British sea water has also been associated with ear infection and failed European Commission standards for Pseudomonas aeruginosa (Balarajan et al, 1991). The Environment Agency (personal communication, October 2000) confirms that British waters are not tested for Pseudomonas aeruginosa during quality testing.
Patients who are prone to ear problems must be advised to keep their ears dry when swimming and bathing; using plugs of cotton-wool coated in vaseline or ear plugs in the ears during swimming and bathing is recommended (Jobbins, 1988; Harkin, 2000).
This is the traditional approach to cleaning the ear.

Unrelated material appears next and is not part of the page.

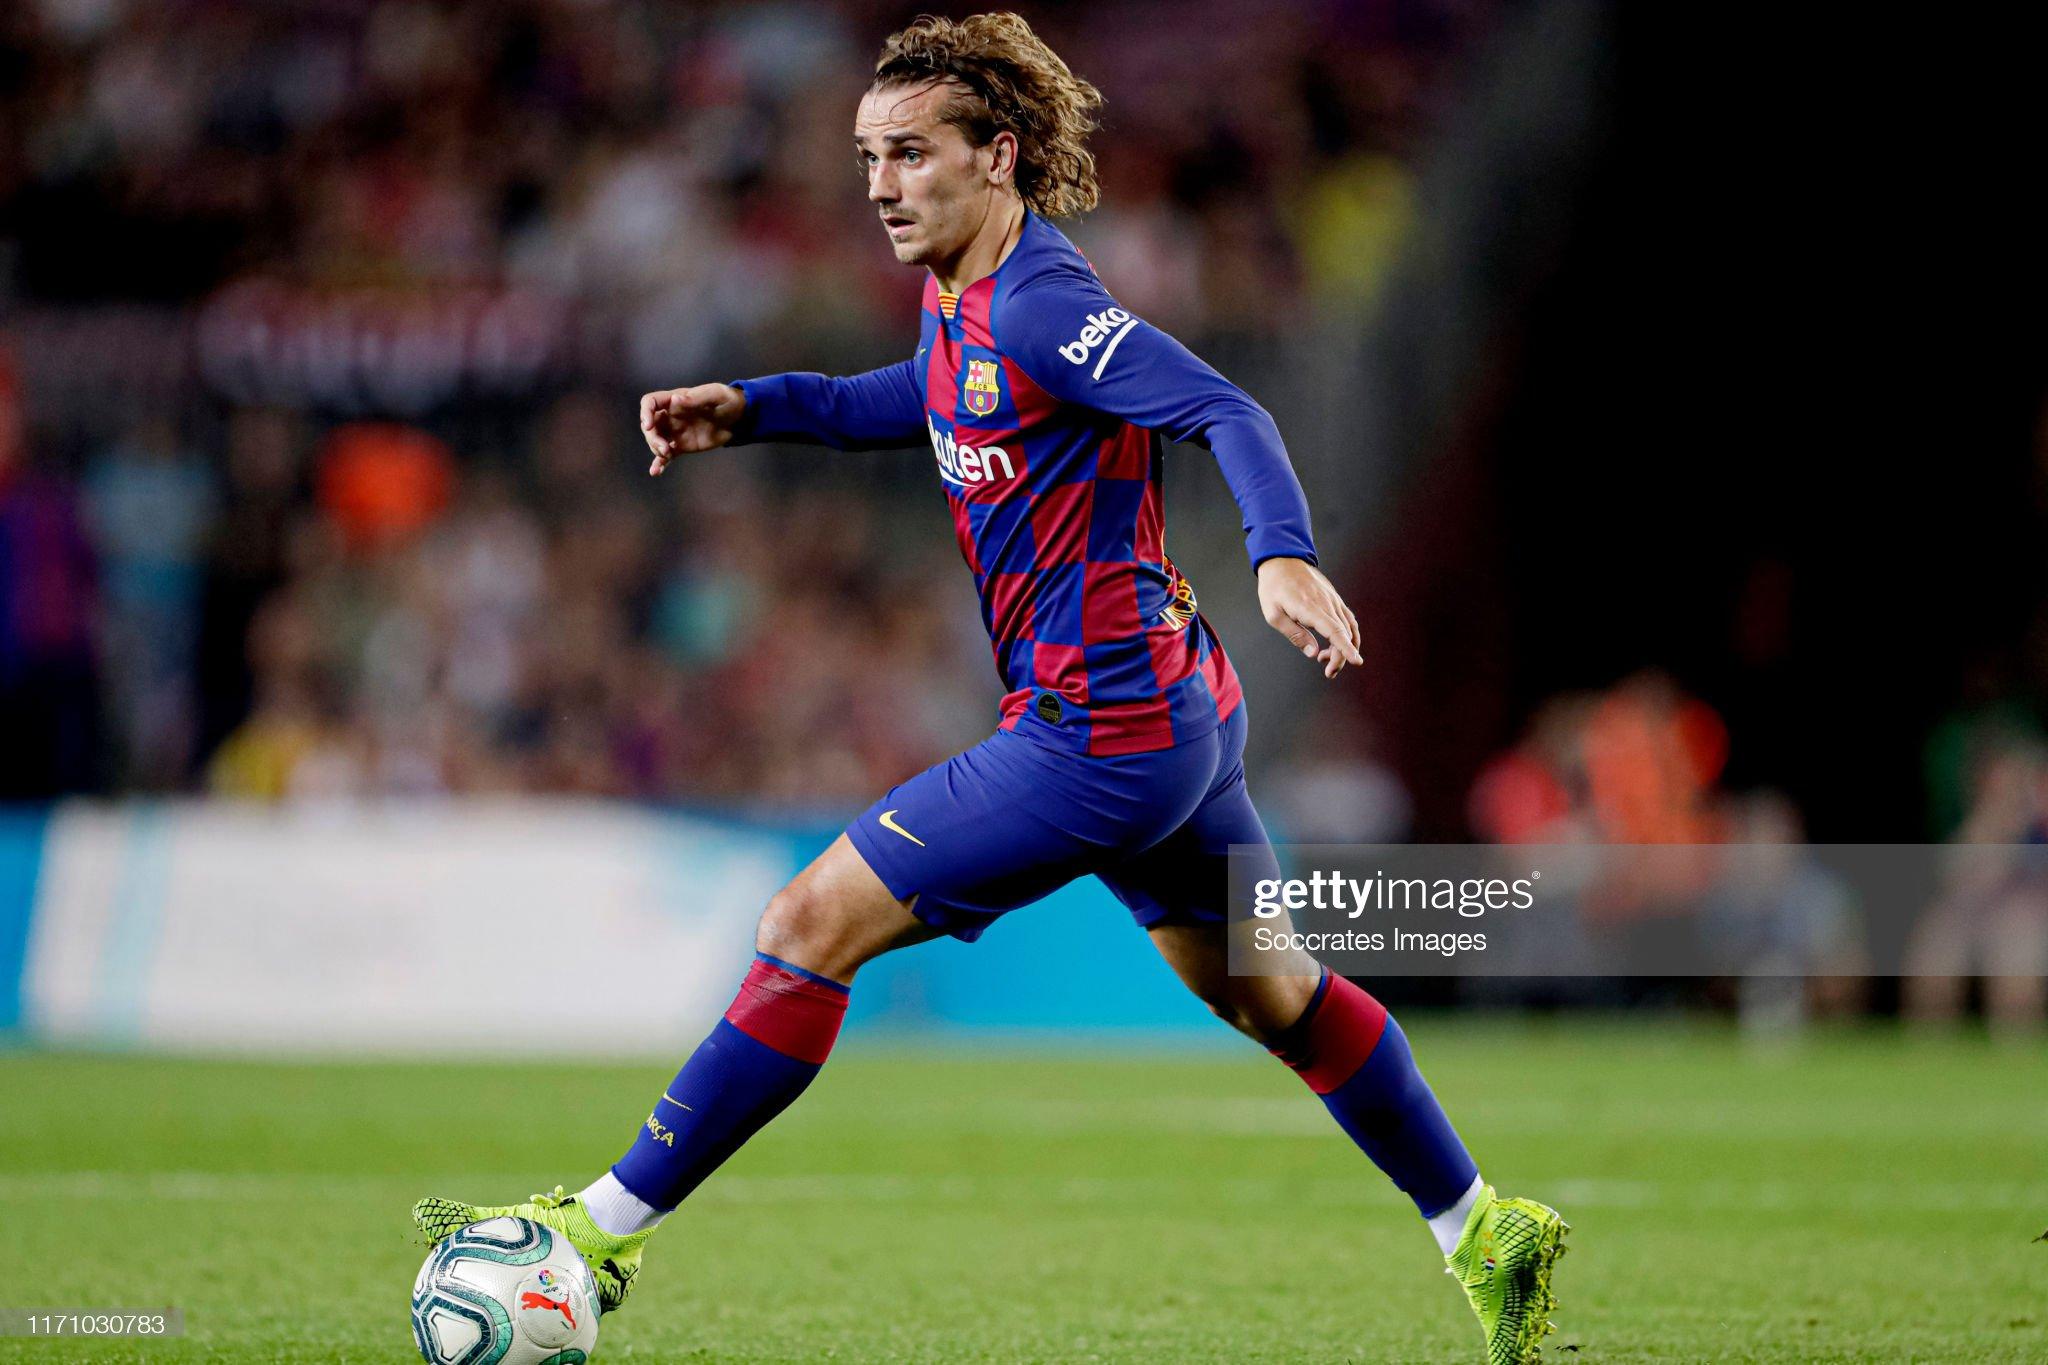 صور مباراة : برشلونة - فياريال 2-1 ( 24-09-2019 )  Antoine-griezmann-of-fc-barcelona-during-the-la-liga-santander-match-picture-id1171030783?s=2048x2048

Contraindications to ear syringing include:
- A history of any form of ear surgery
- Profound hearing loss in one ear: in the interests of protecting the hearing ear from the complications of syringing
- A history of perforated tympanic membrane: healed perforations lack the central fibrous layer and are thus weaker
- Recent or current middle ear infection
- Recent or current otitis externa.
Ear syringing will lead to a wet external auditory canal. This can harbour bacteria, macerate the canal lining and is a precipitating factor for otitis externa (Harkin, 2000; Briggs, 1995; Bojrab et al, 1996; Jobbins, 1988; Rogers, 2000). Such evidence further supports the need to dry the canal following syringing. This procedure is one part of a technique called aural toilet.
In view of these considerations and the argument for drying the ear following syringing (Rogers, 2000), it would be reasonable to suggest that nurses should be trained and equipped to practise aural toilet with tools as a first-line approach to ear care. Aural toilet is the term used for manually cleaning the external auditory meatus of wax, debris or water. It is the primary treatment for otitis externa (Reilly et al, 1991). Tools required for aural toilet include the Jobson Horn probe and Henckle forceps, which must be used under a direct headlight (Reilly et al, 1991; Harkin and Rodgers, 1999). This equipment is available on a no-profit basis from the Primary Ear Care Centre in Rotherham.
Aural toilet can be performed by practice nurses following suitable training. Such skills can be taught during a single ear-care study day with subsequent clinical supervision, or a five-day course where practice on patients is supervised. Skilled practice is essential to avoid trauma to the delicate canal lining (Zivic and King, 1993). The significant expansion of new skills involved should be followed by a period of supervision in practice, before confidence and competence is achieved (UKCC, 1992; UKCC, 1996). Nurses who complete the five-day training become equipped to deliver nurse-led ear care.
The need for effective, clear communication with patients requiring ear care has been identified as it affects the psychological comfort of the patient presenting with ear problems, the issue of informed consent, patient education and health promotion delivery. The damaging effects of water in the ear have been noted and the use of aural toilet as a first-line approach to ear care discussed. It has been concluded that, with appropriate training, nurse-led services can effectively meet the need for competent, easily accessed and cost-effective ear care.